* **Supplied material**:
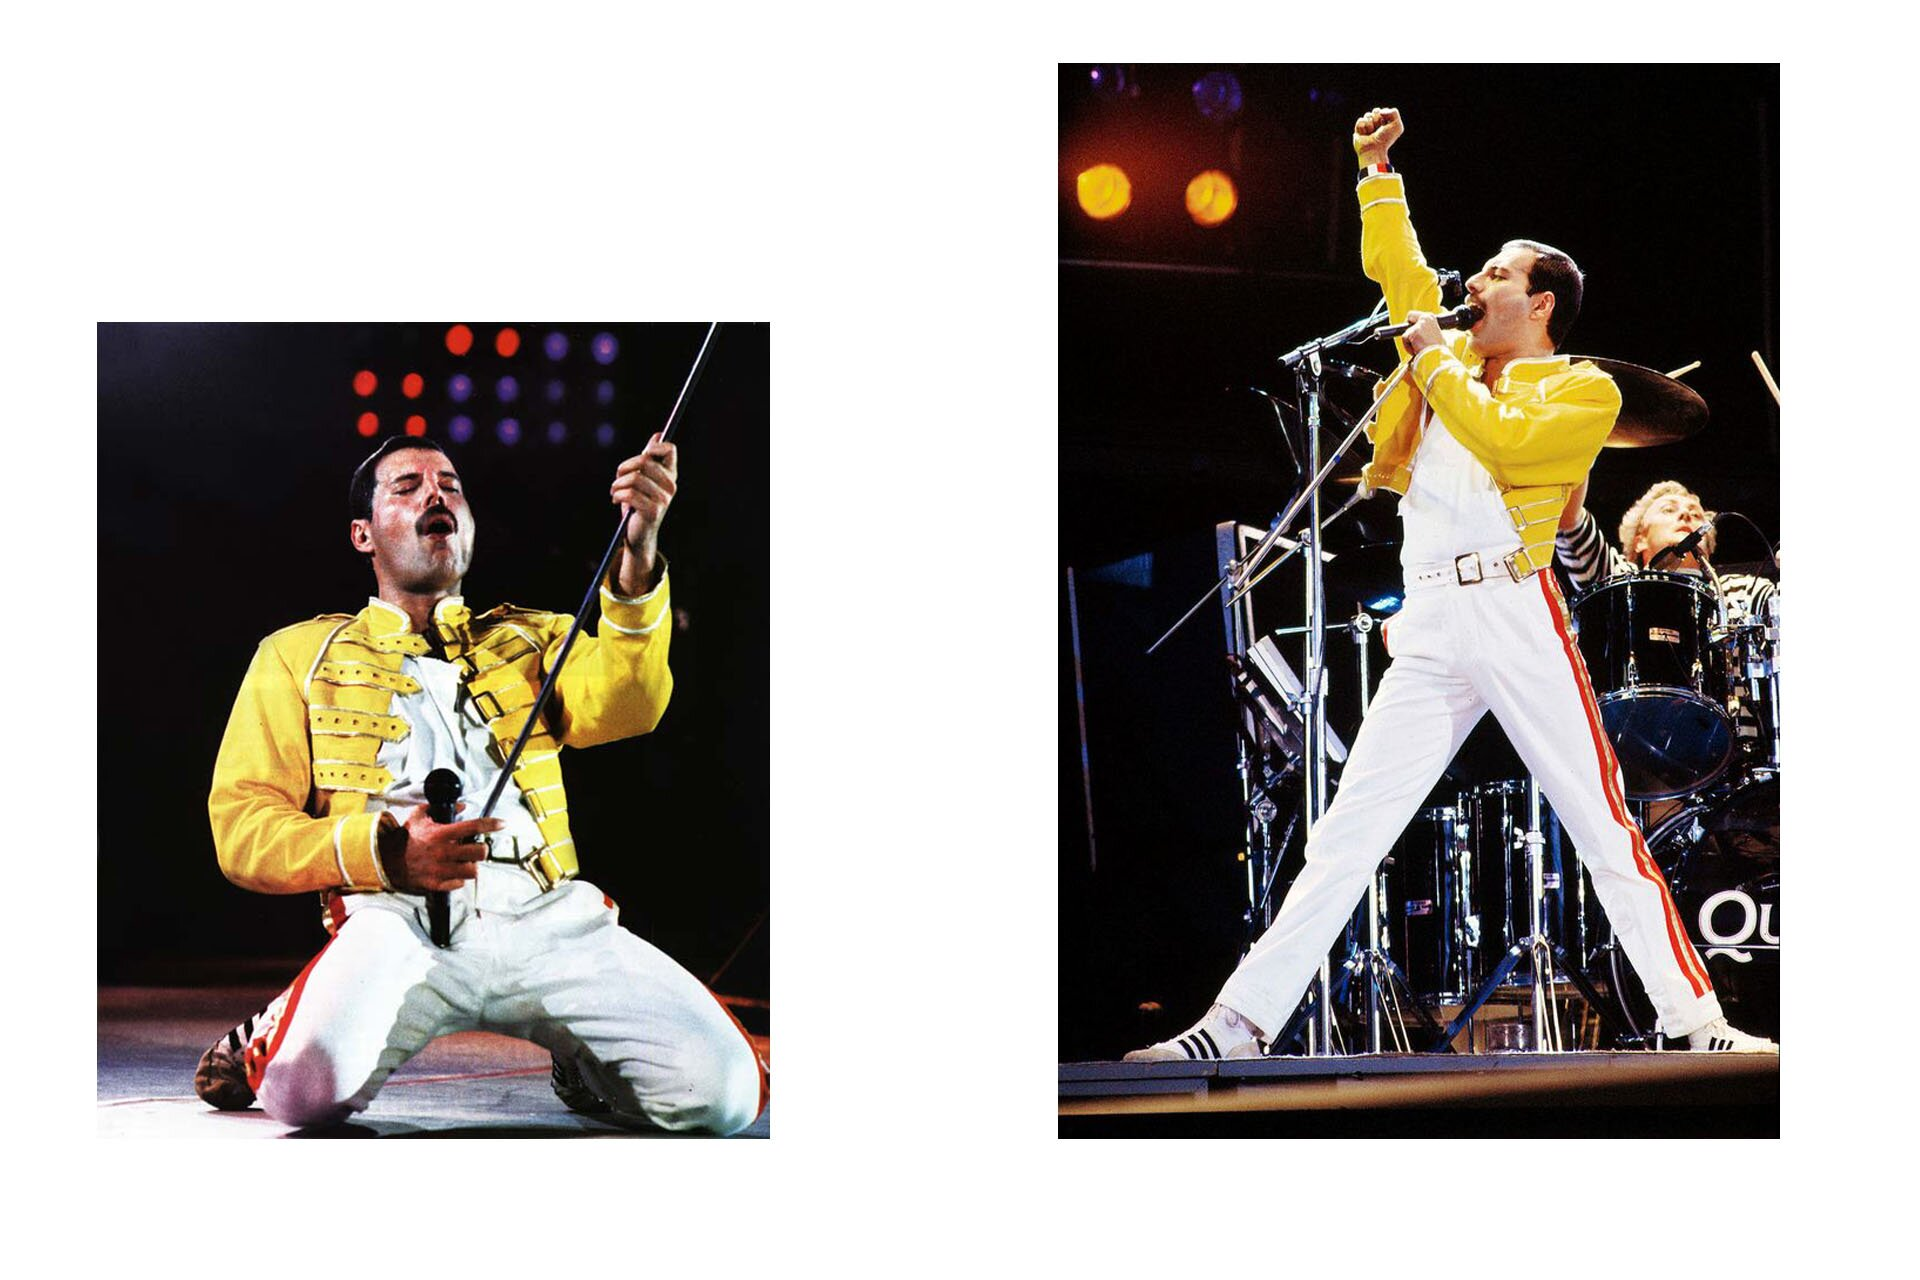 Wszyscy powinniśmy ubierać się jak Freddie, Freddie Mercury, Stylizacje Queen, Stylizacje Freddie, Magic Tour, Żółta kurtka, 10 przełomowych wcieleń modowych Freddiego
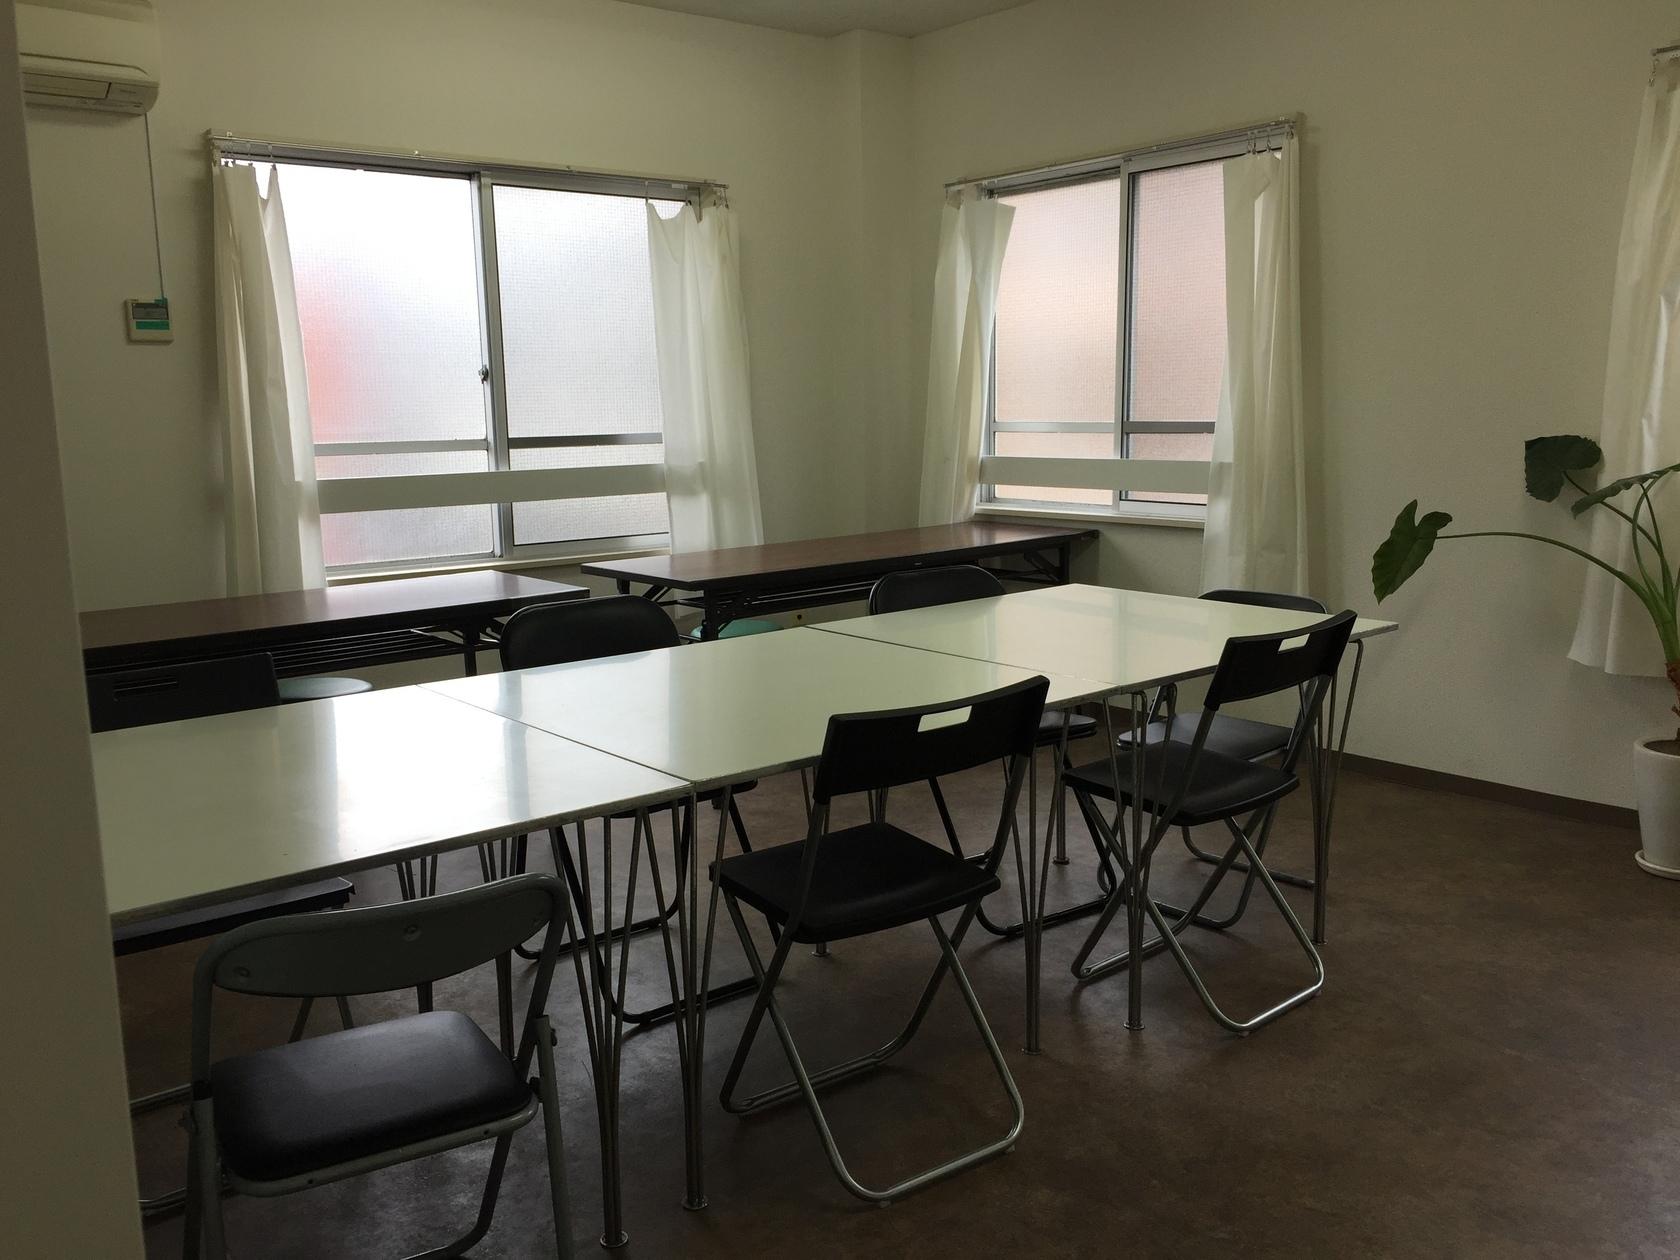 駅近くだが、とても静かな場所(②東京江東区(新宿,半蔵門線住吉駅3分)教室・ワークショップ・会議, wifi, 小キッチン) の写真0
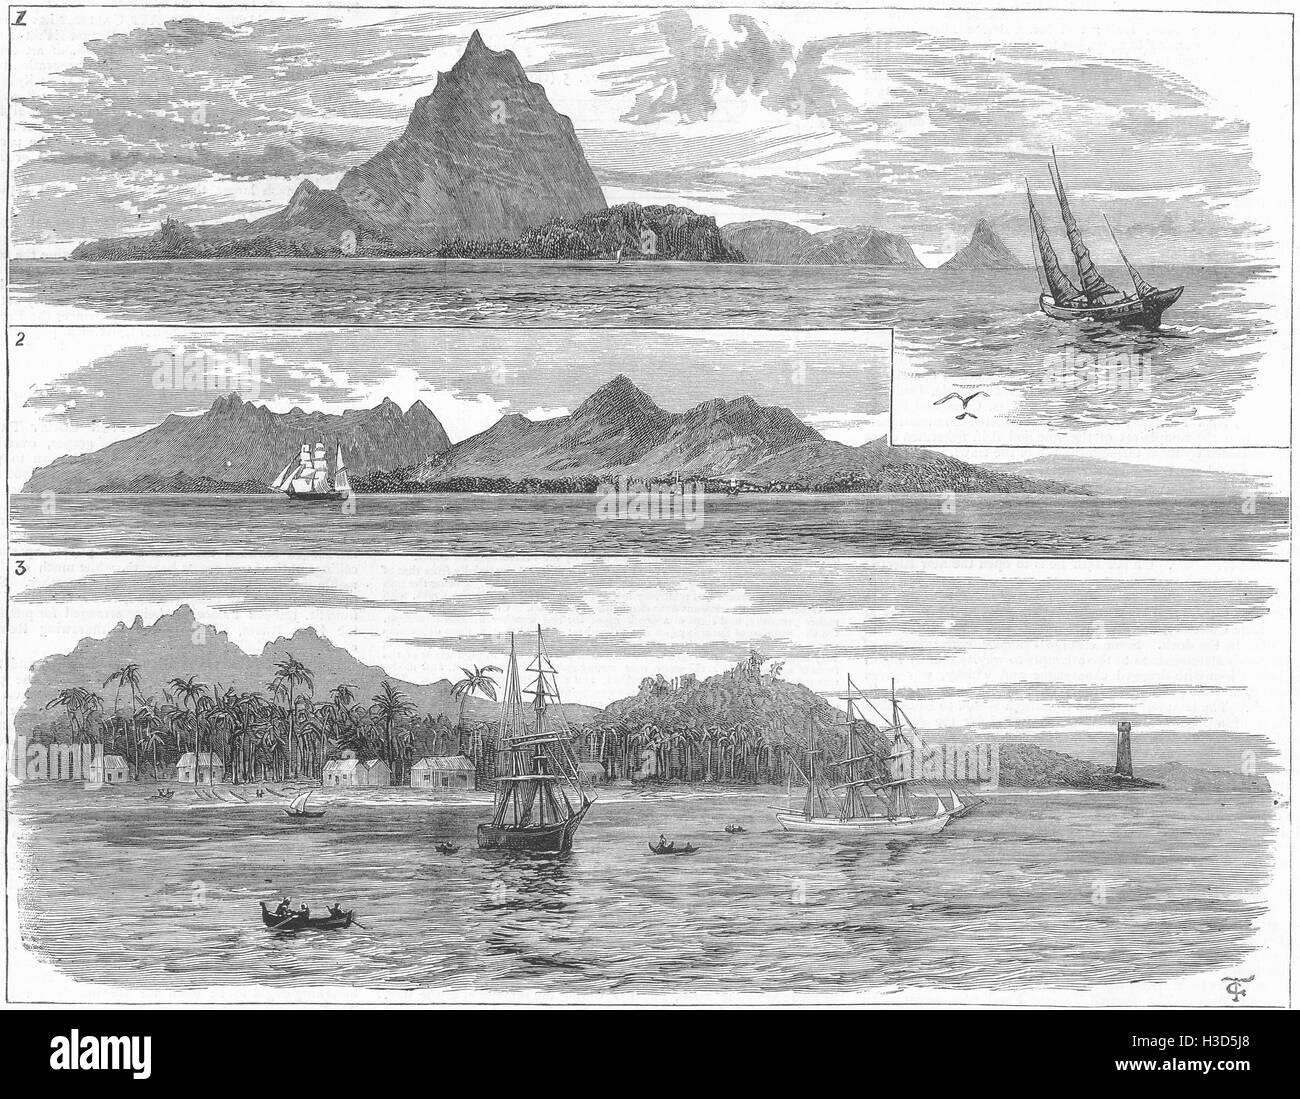 JAVA Volcanic Eruption-Krakatoa Anjer, completely destroyed; Sunda Straits 1883. The Illustrated London News - Stock Image
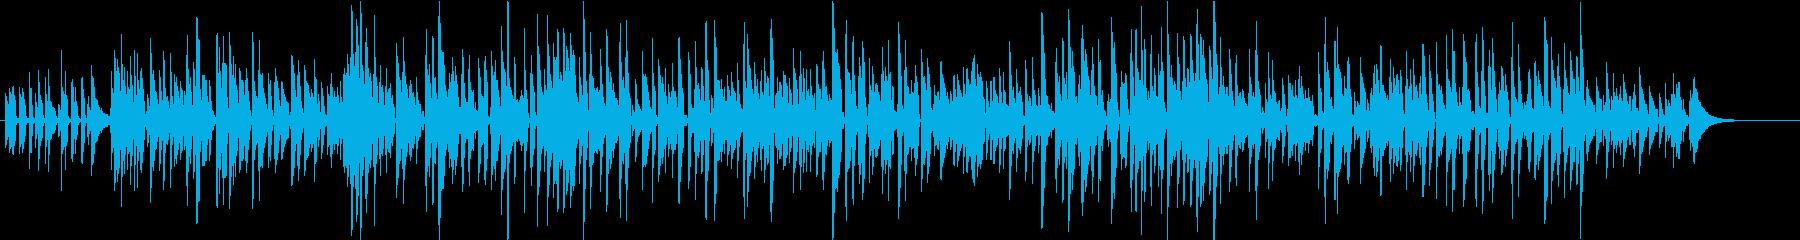 爽やかで少し切ないボサノバの再生済みの波形

* **What needs to be done**:
Your copy should hold exactly the lines from the line containing "駅近くだが、とても静かな場所(②東京江東区(新宿,半蔵門線住吉駅3分)教室・ワークショップ・会議, wifi, 小キッチン)" through the last line of the listing above, both included, and no pictures.

* **Your solution**:
 駅近くだが、とても静かな場所(②東京江東区(新宿,半蔵門線住吉駅3分)教室・ワークショップ・会議, wifi, 小キッチン) の写真0
 JAVA Volcanic Eruption-Krakatoa Anjer, completely destroyed; Sunda Straits 1883. The Illustrated London News - Stock Image
 爽やかで少し切ないボサノバの再生済みの波形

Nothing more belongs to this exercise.